Find the angle between force $F = (3 \hat{i} + 4 \hat{j} - 5 \hat{k})$ units and displacement $d = (5 \hat{i} + 4 \hat{j} + 3 \hat{k})$ units. Also,find the projection of $F$ on $d$.

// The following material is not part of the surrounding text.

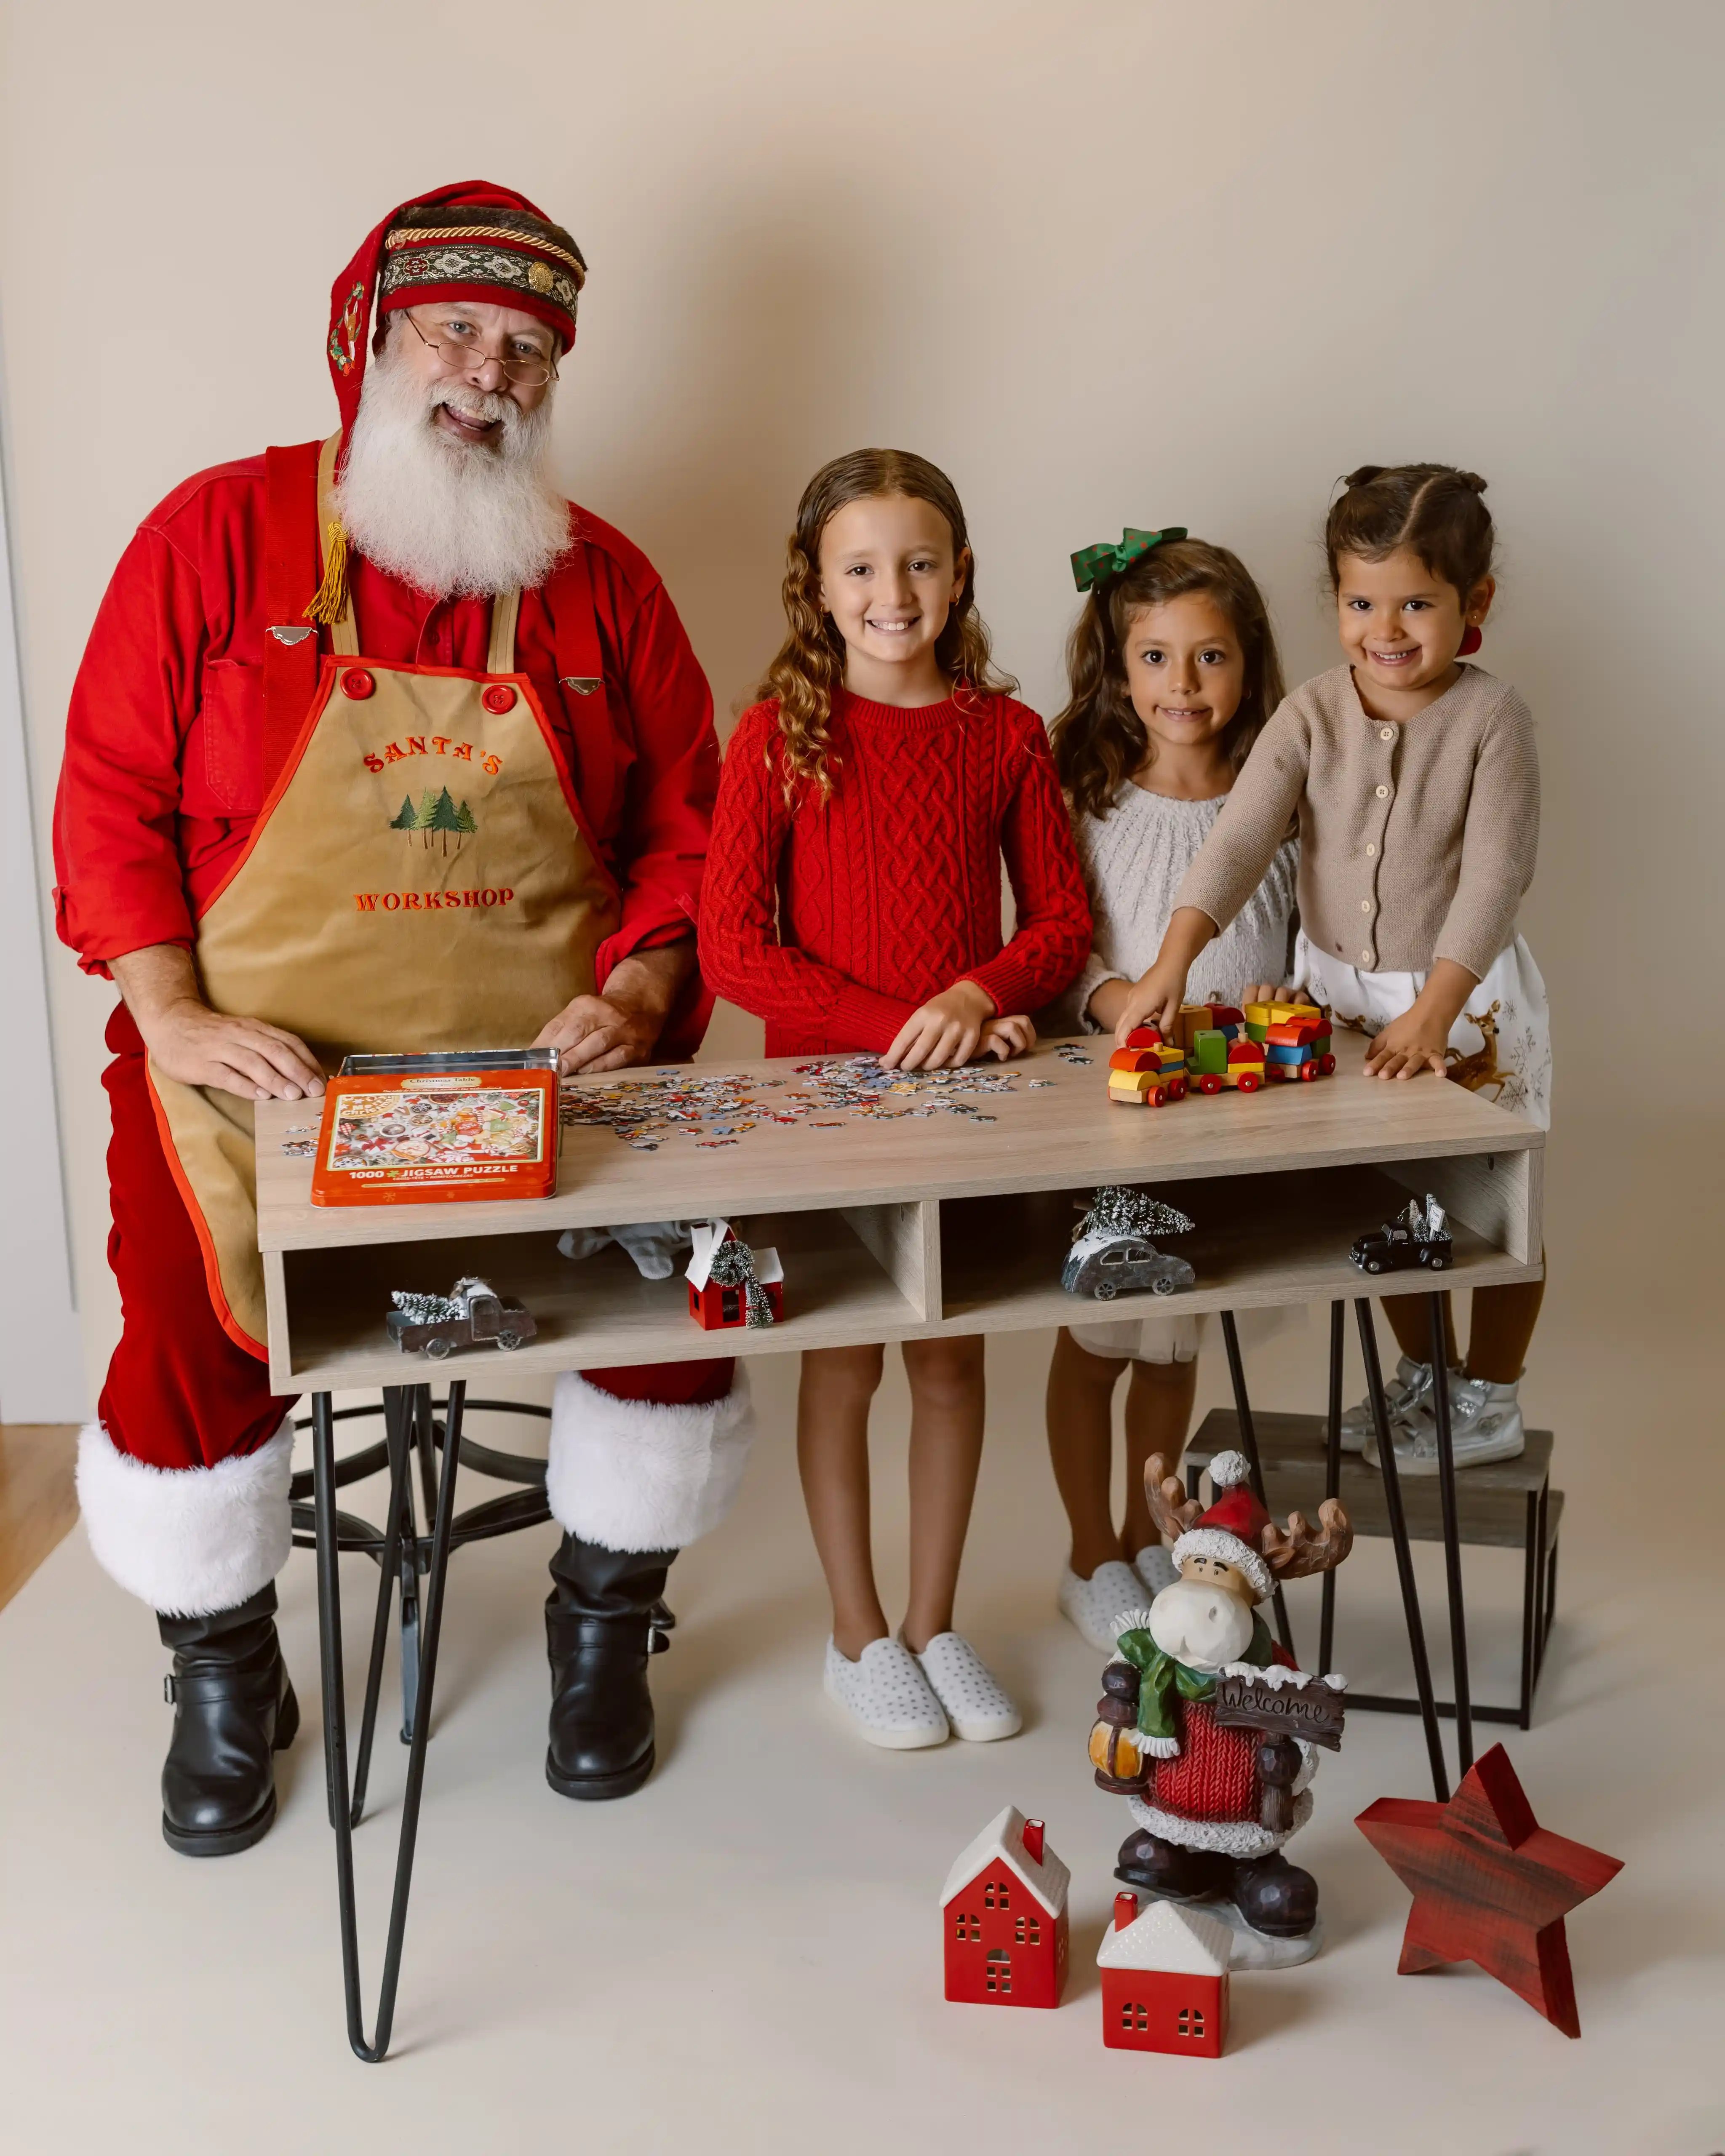 studio_childrens with santa - family photo with santa

(N/A) The dot product of $F$ and $d$ is given by $F \cdot d = F_x d_x + F_y d_y + F_z d_z$.
$F \cdot d = (3)(5) + (4)(4) + (-5)(3) = 15 + 16 - 15 = 16$ units.
The magnitudes are $F = \sqrt{3^2 + 4^2 + (-5)^2} = \sqrt{9 + 16 + 25} = \sqrt{50}$ units and $d = \sqrt{5^2 + 4^2 + 3^2} = \sqrt{25 + 16 + 9} = \sqrt{50}$ units.
Using $F \cdot d = F d \cos \theta$,we have $16 = \sqrt{50} \cdot \sqrt{50} \cdot \cos \theta$.
$16 = 50 \cos \theta \implies \cos \theta = \frac{16}{50} = 0.32$.
Therefore,$\theta = \cos^{-1}(0.32)$.
The projection of $F$ on $d$ is given by $\frac{F \cdot d}{|d|} = \frac{16}{\sqrt{50}} = \frac{16}{5\sqrt{2}} = \frac{16\sqrt{2}}{10} = 1.6\sqrt{2}$ units.